In the step (S1A), 700 to 900 g of sodium bicarbonate may be mixed with 100 L of silver ionized water. When the sodium hydrogen carbonate is included in less than 700 g, the foamability may be significantly reduced, and when the sodium hydrogen carbonate is included in more than 900 g, the color of the finally prepared foam disinfectant may be discolored. It may be most preferable that 700 to 900 g of sodium bicarbonate is included for 100 L of silver ionized water.

The step (S2) is a step of preparing a second mixture, and a second mixture in powder form may be prepared by including 700 to 900 g of citric acid and 50 to 150 g of starch with respect to the first mixture.

The step (S3) is a step of finally preparing the foam disinfectant according to the present invention, and the second mixture can be molded into a foam disinfectant in the form of pellets at a pressure of 3 to 150 Bar using a tablet press.

The foam disinfectant may have a porosity of 10 to 20% to exhibit excellent solubility. More specifically, it may have improved solubility when the solution permeates and dissolves in the pores present in the foam disinfectant.

The term "porosity" used in the present invention is the ratio occupied by the gaps between the particles, and when the curvature is applied to the present invention, it means the ratio of the voids (gaps) between the foamed disinfectant particles and the particles.

The foamed disinfectant may have stability for 6 months or more when stored in an airtight container at a temperature of 40° C. and a relative humidity (RH) of 75%.

Additional additives such as surfactants, adjuvants, fragrances, binders, antibacterial agents, colorants, and fragrances may be added to the foamed disinfectant.

The foamed disinfectant prepared according to the present invention contains silver ionized water, so it has an antibacterial effect, has a porosity of 10 to 20%, shows excellent solubility in water, and can secure remarkably excellent stability even under harsh conditions. .

Advantages and features of the present invention, and methods of achieving them, will become clear with reference to the embodiments described below in detail.

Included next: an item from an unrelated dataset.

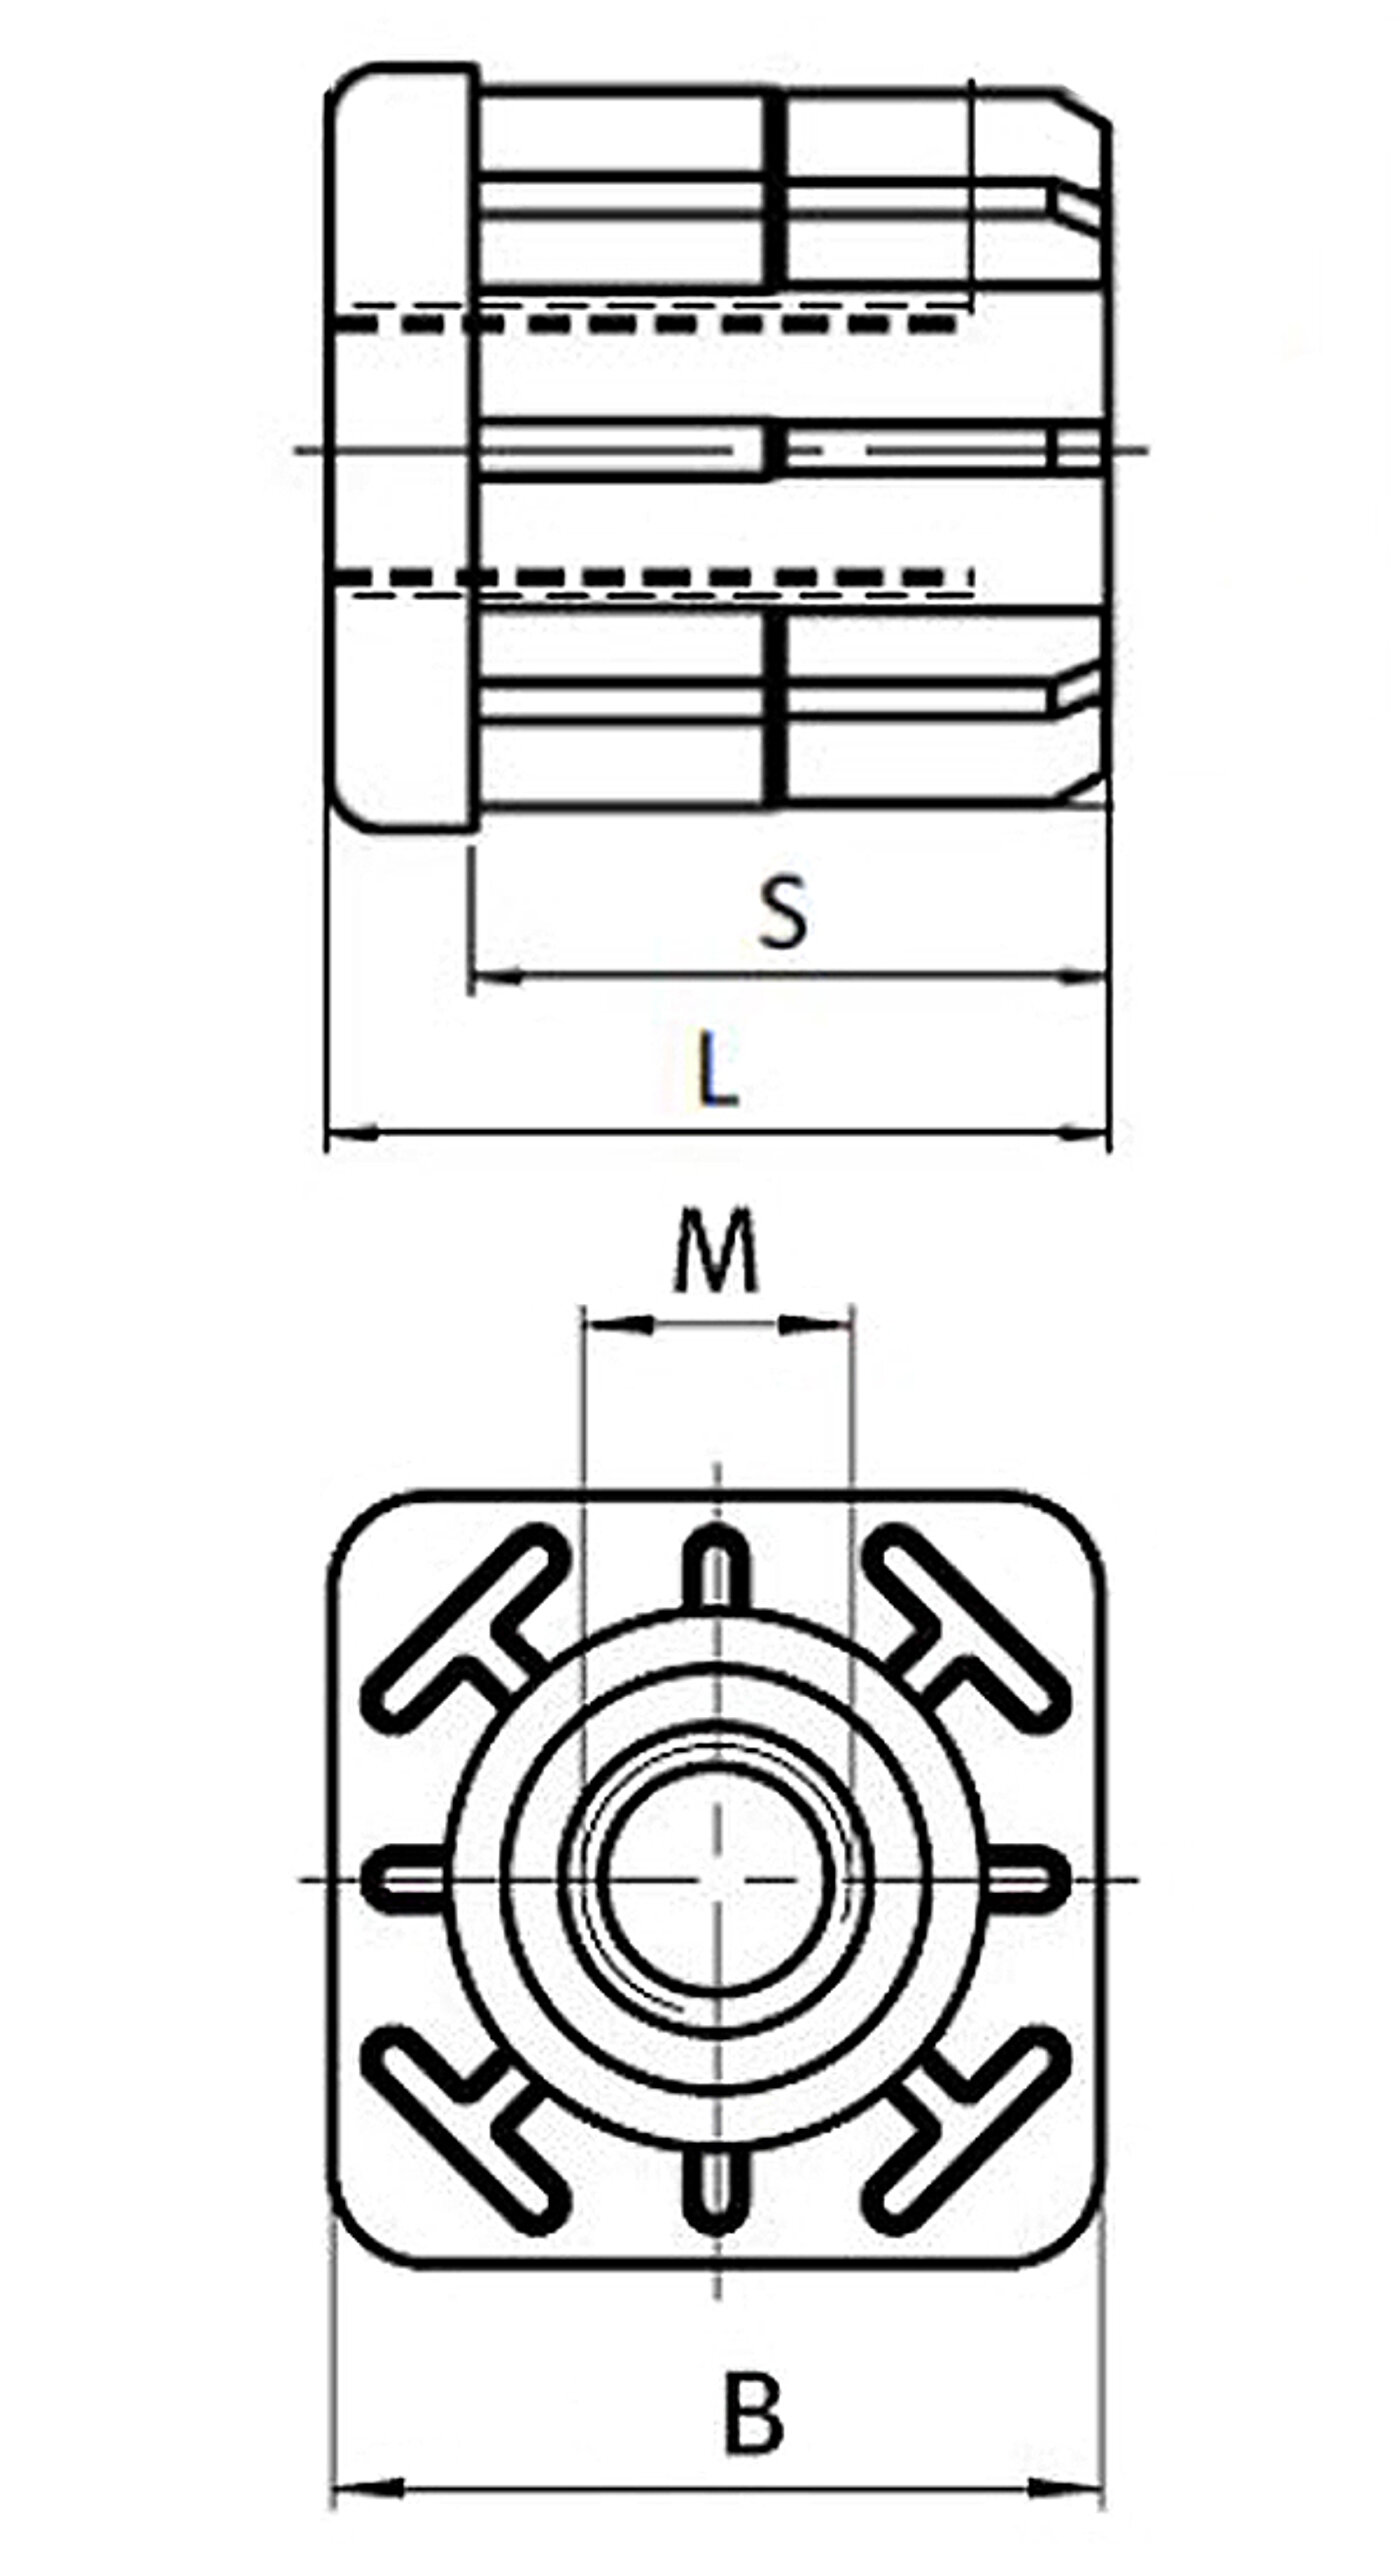 schematic drawing of a cubic threaded tube insert made of polyamide, with a centered inner thread, for press-fitting into square tube ends, isolated on white background

However, the present invention is not limited to the embodiments disclosed below, but may be implemented in various different forms, and only the embodiments make the disclosure of the present invention complete, and common knowledge in the art to which the present invention belongs. It is provided to fully inform the person who has the scope of the invention, and the present invention is only defined by the scope of the claims.

Example 1. Preparation of foam disinfectant 1 according to the present invention

Silver (Ag) was put into pure water (water, H ₂ O) and electrolyzed to prepare silver ionized water at a concentration of 8 ppm. Then, a mixture was prepared by adding 750 g of sodium bicarbonate to 100 L of the silver ionized water, and the mixture was dried at 50° C. to prepare a first mixture in powder form. 750 g of citric acid and 80 g of starch were added to the first mixture to prepare a second mixture, and the second mixture was molded into pellets under a pressure of 12 bar with a tablet press to form a foamed disinfectant according to the present invention. Sterilant 1 was prepared.

Example 2. Preparation of foam disinfectant 2 according to the present invention

A mixture was prepared by adding 800 g of sodium bicarbonate to 100 L of the silver ionized water prepared in Example 1, and the mixture was dried at 50° C. to prepare a first mixture in powder form. 800 g of citric acid and 100 g of starch were added to the first mixture to prepare a second mixture, and the second mixture was molded into pellets under a pressure of 15 bar with a tablet press to form a foamed disinfectant according to the present invention. Sterilant 1 was prepared.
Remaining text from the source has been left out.